SUPPLEMENT No. 1
DATED May 24, 2010
(To Prospectus dated May 10, 2010)
 
 
Rule 424(b)(3)
  Registration No. 333-165973
 
NEURALSTEM, INC.

5,163,956
Common Shares
 
This prospectus supplement (“Supplement”) modifies, supersedes and supplements information contained in, and should be read in conjunction with, that certain prospectus, dated May 10, 2010 (“Prospectus”), of Neuralstem, Inc. (”Company) as well as all prior supplements thereto. This supplement is not complete without, and may not be delivered or used except in connection with, the original Prospectus and all supplements thereto. The Prospectus relates to the resale of up to 5,163,956 shares of our common stock by the selling shareholders identified therein.
 
The information attached to this Supplement modifies and supersedes, in part, the information in the Prospectus, as supplemented. Any information that is modified or superseded in the Prospectus shall not be deemed to constitute a part of the Prospectus, except as modified or superseded by this Supplement.
 
We may amend or supplement the Prospectus from time to time by filing amendments or supplements as required. You should read the entire Prospectus and any amendments or supplements carefully before you make an investment decision.

See “Risk Factors” beginning on page 3 of the prospectus dated May 10, 2010, for risk factors and information you should consider before you purchase shares.

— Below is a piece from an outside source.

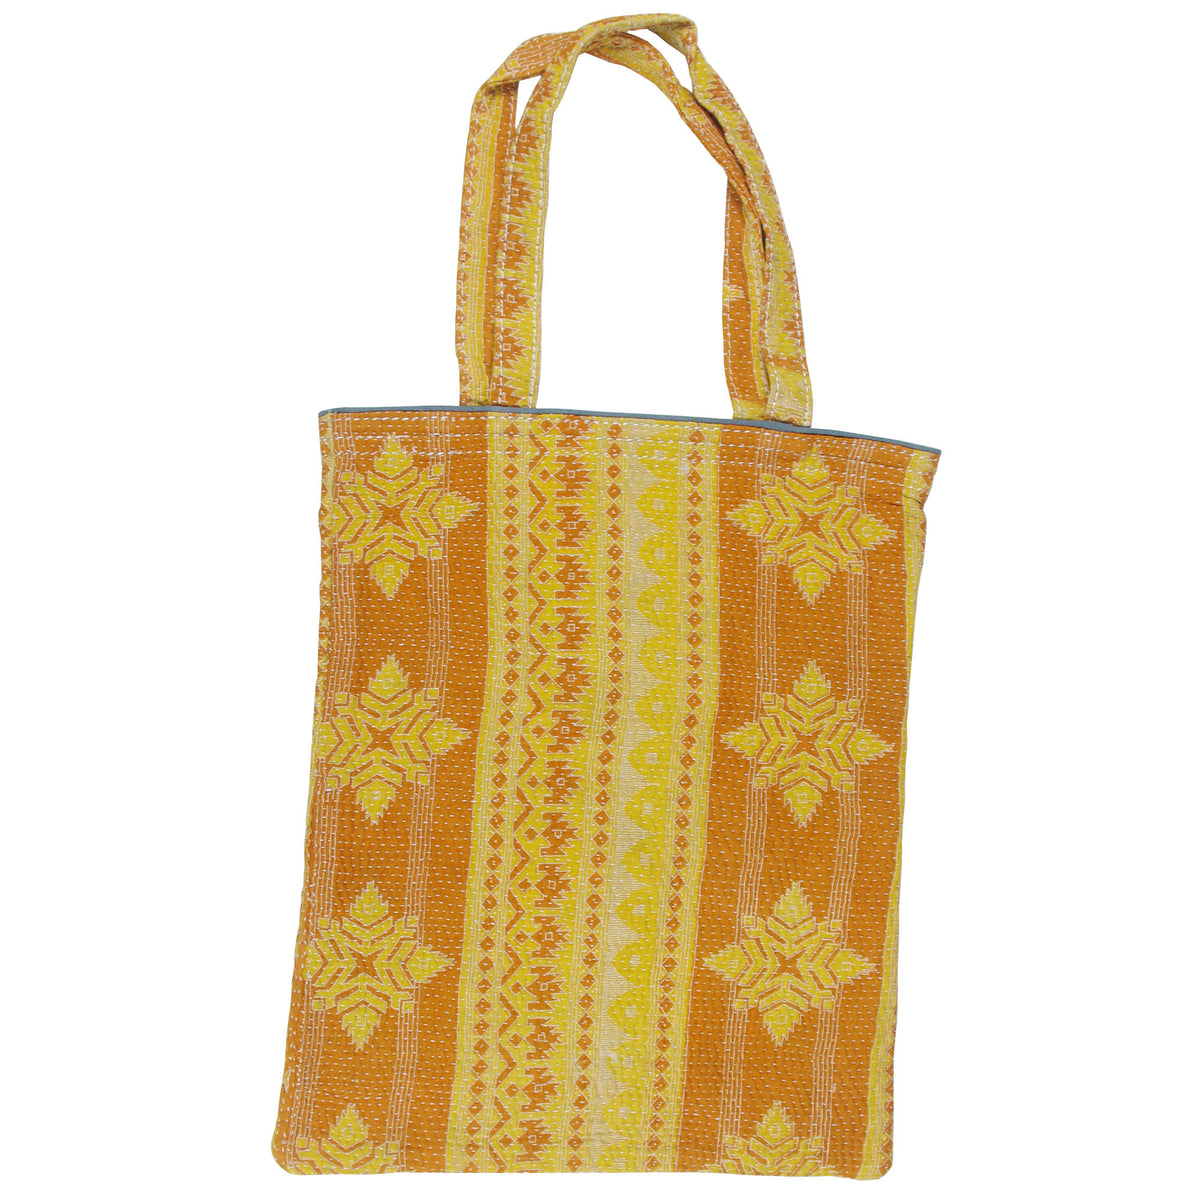 Vintage Fine Kantha Stitched Cotton Tote Bag- Brown Yellow
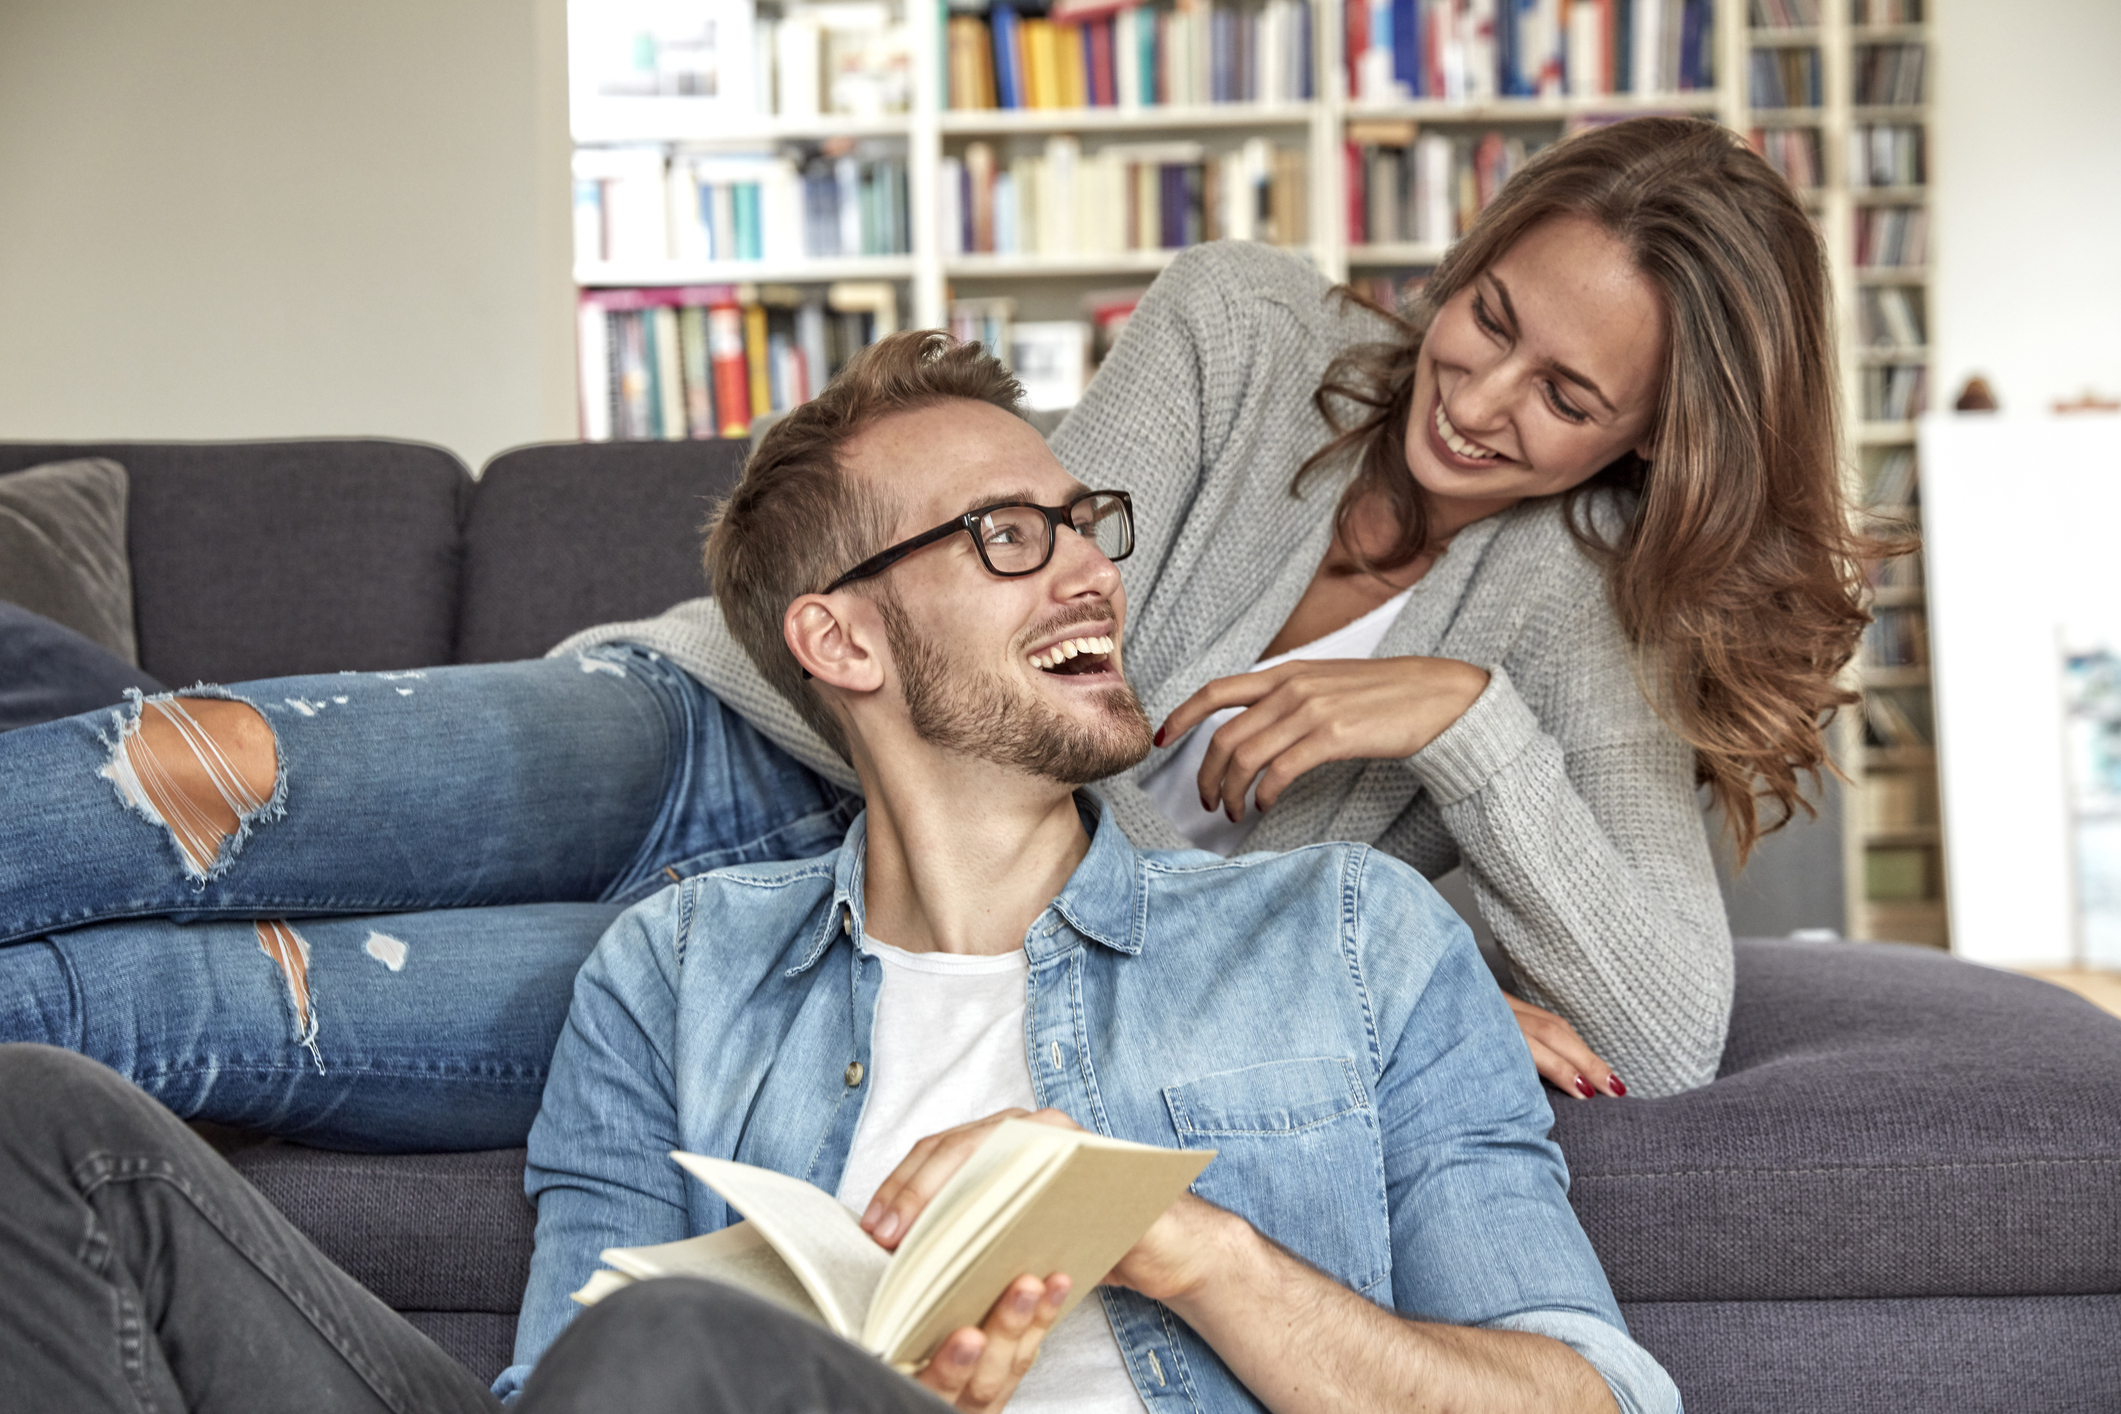 15 Of The Best Relationship Books To Keep Yours Healthy

FORWARD-LOOKING STATEMENTS

You should carefully consider the risk factors set forth in the prospectus, as well as the other information contained in this supplement and the prospectus. This supplement and the prospectus contain forward-looking statements regarding events, conditions, and financial trends that may affect our plan of operation, business strategy, operating results, and financial position. You are cautioned that any forward-looking statements are not guarantees of future performance and are subject to risks and uncertainties. Actual results may differ materially from those included within the forward-looking statements as a result of various factors. Cautionary statements in the “Risk Factors” section of the prospectus identify important risks and uncertainties affecting our future, which could cause actual results to differ materially from the forward-looking statements made in this supplement and the prospectus.

SELLING SHAREHOLDERS

The Company has been by notified that the securities issued to selling shareholder, Apex Investment Fund, Ltd, should have been issued in the name of Apex Investment Holdings, Ltd.  Accordingly, the Selling Shareholder table is being amended with regard to shares previously registered to Apex Investment Fund, Ltd. As follows:
 
 
Common Shares Beneficially
Owned Before Sale (1)
     
Common Shares Owned
After Sale (2) 
 
Securities
Owned
 
% of class
 
Shares being registered
 
Amount
 
% of Class
Apex Investment Holdings Ltd. -- 8(i)
         790,000
8(ii)
1.84%
 
    220,000
 
      570,000
 
1.33%
 
*           Less than 1%
 
 
(8)
(i)  Susan Fairhurst as Director of Apex Investment Holdings, Ltd. has dispositive power with respect to the securities to be offered for resale.  (ii)  Includes: (a)  220,000 Replacement Warrants, and (b) 570,000 common shares.